The objective of this project is to reduce the number of features by using dimensionality reduction techniques It is part of my MIT IDSS Data Science and Machine learning course.
In this case study, I will use the Education dataset which contains information on educational institutes in USA. The data has various attributes such as number of applications received, enrollments, faculty education, financial aspects and graduation rate of each institute.
The objective of this problem is to reduce the number of features by using dimensionality reduction techniques like PCA and extract insights.

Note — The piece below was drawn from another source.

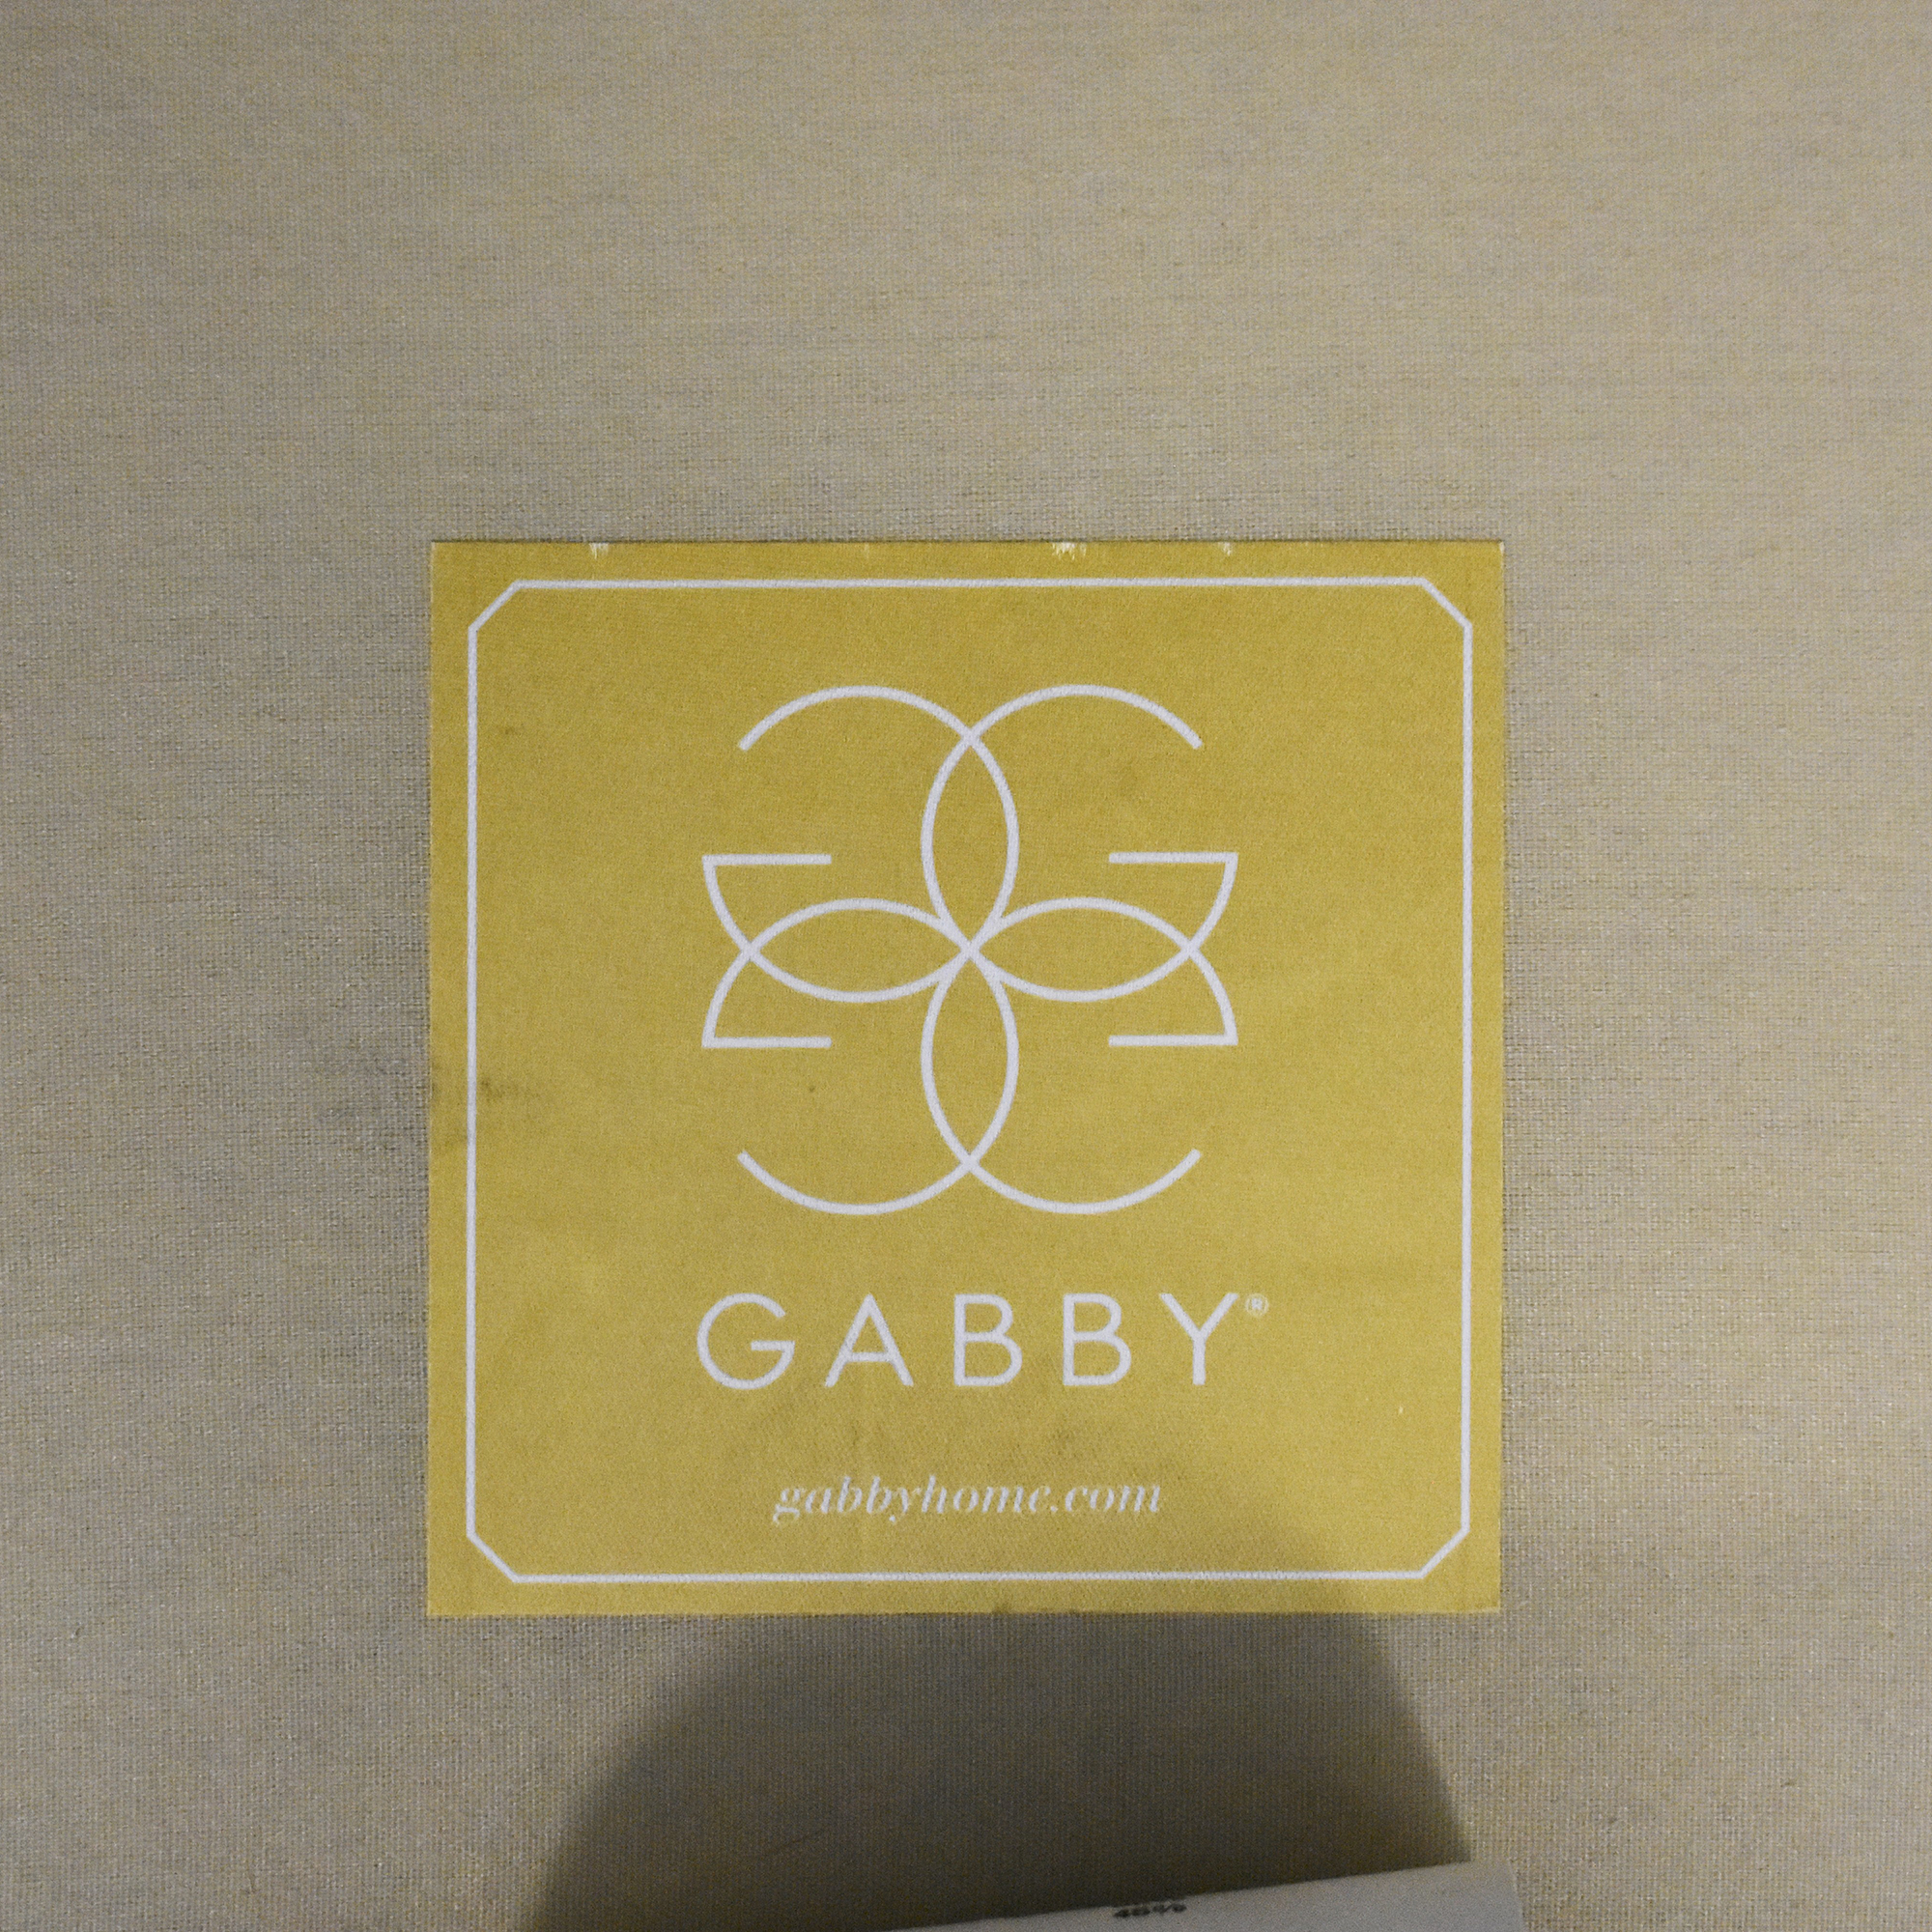 Gabby Home Gabby Home Bench Cushion Sofa pa
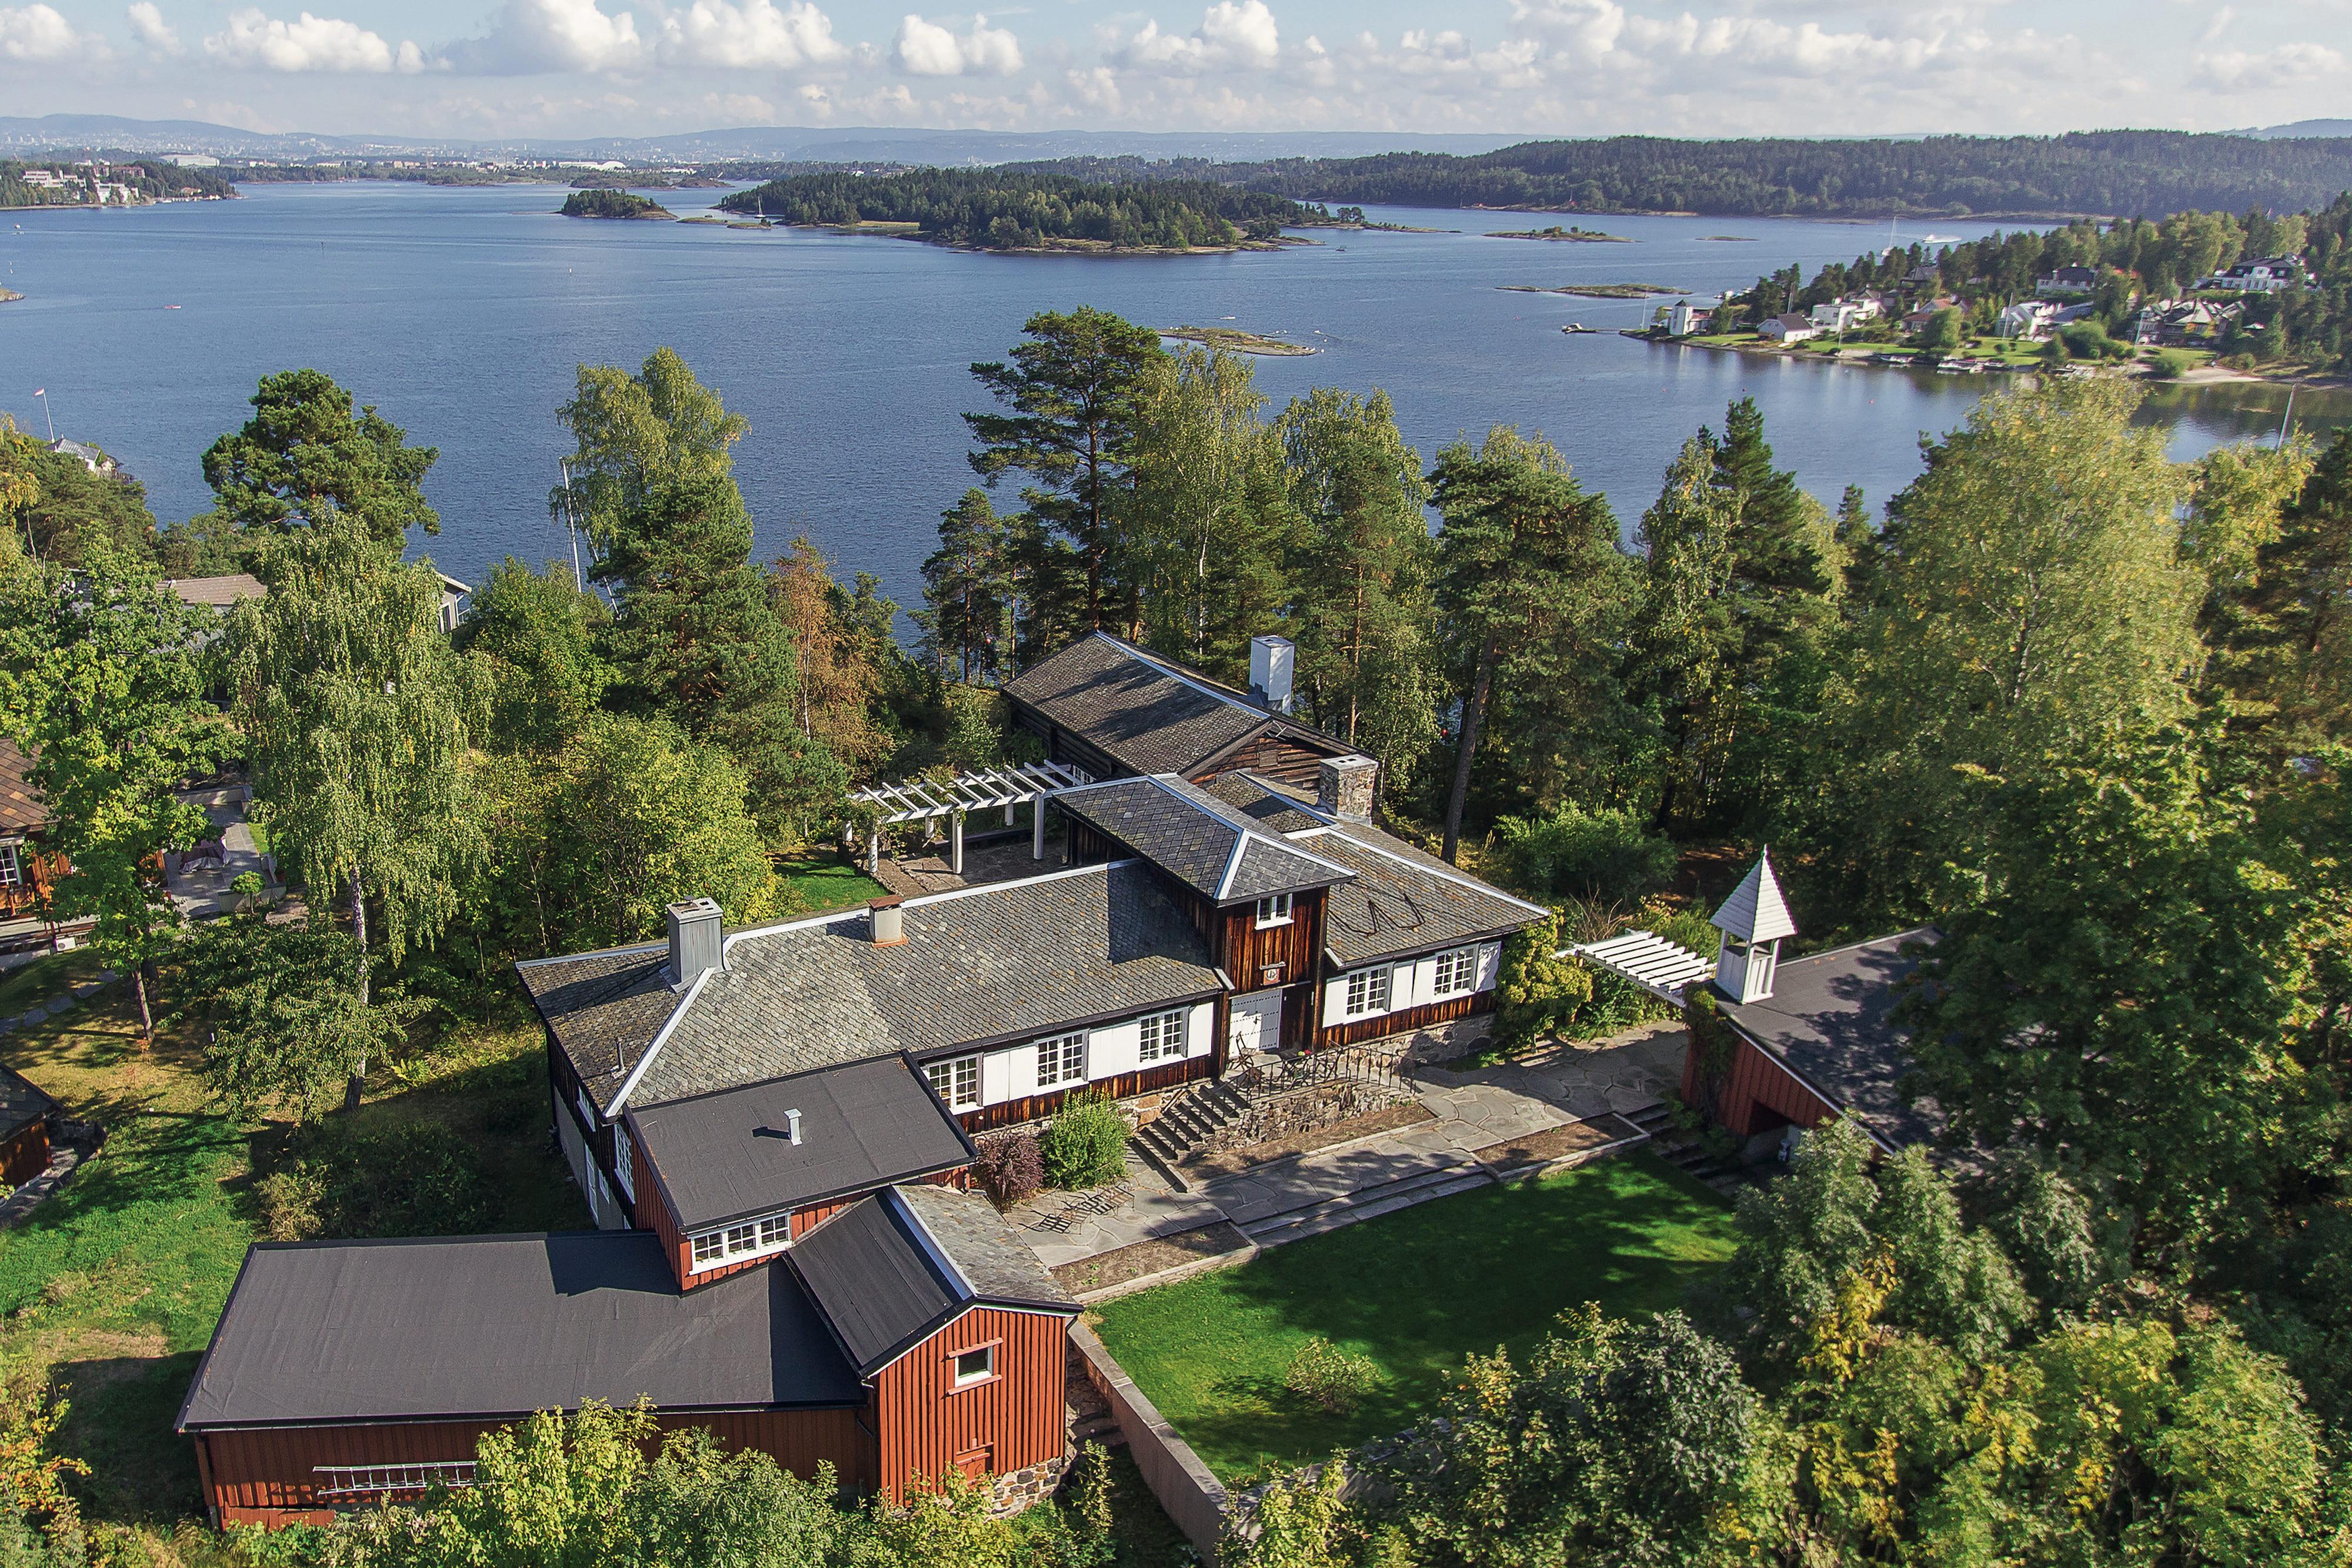 Herrodd - Poulssons eget hjem på Nesøya.

The Education dataset contains information on various colleges in USA. It contains the following information:
- Names: Names of various universities and colleges
- Apps: Number of applications received
- Accept: Number of applications accepted
- Enroll: Number of new students enrolled
- Top10perc: Percentage of new students from top 10% of Higher Secondary class
- Top25perc: Percentage of new students from top 25% of Higher Secondary class
- F_Undergrad: Number of full-time undergraduate students
- P_Undergrad: Number of part-time undergraduate students - Outstate: Number of students for whom the particular college or university is out-of-state tuition
- Room_Board: Cost of room and board
- Books: Estimated book costs for a student
- Personal: Estimated personal spending for a student
- PhD: Percentage of faculties with a Ph.D.
- Terminal: Percentage of faculties with terminal degree
- S_F_Ratio: Student/faculty ratio
- perc_alumni: Percentage of alumni who donate
- Expend: The instructional expenditure per student
- Grad_Rate: Graduation rate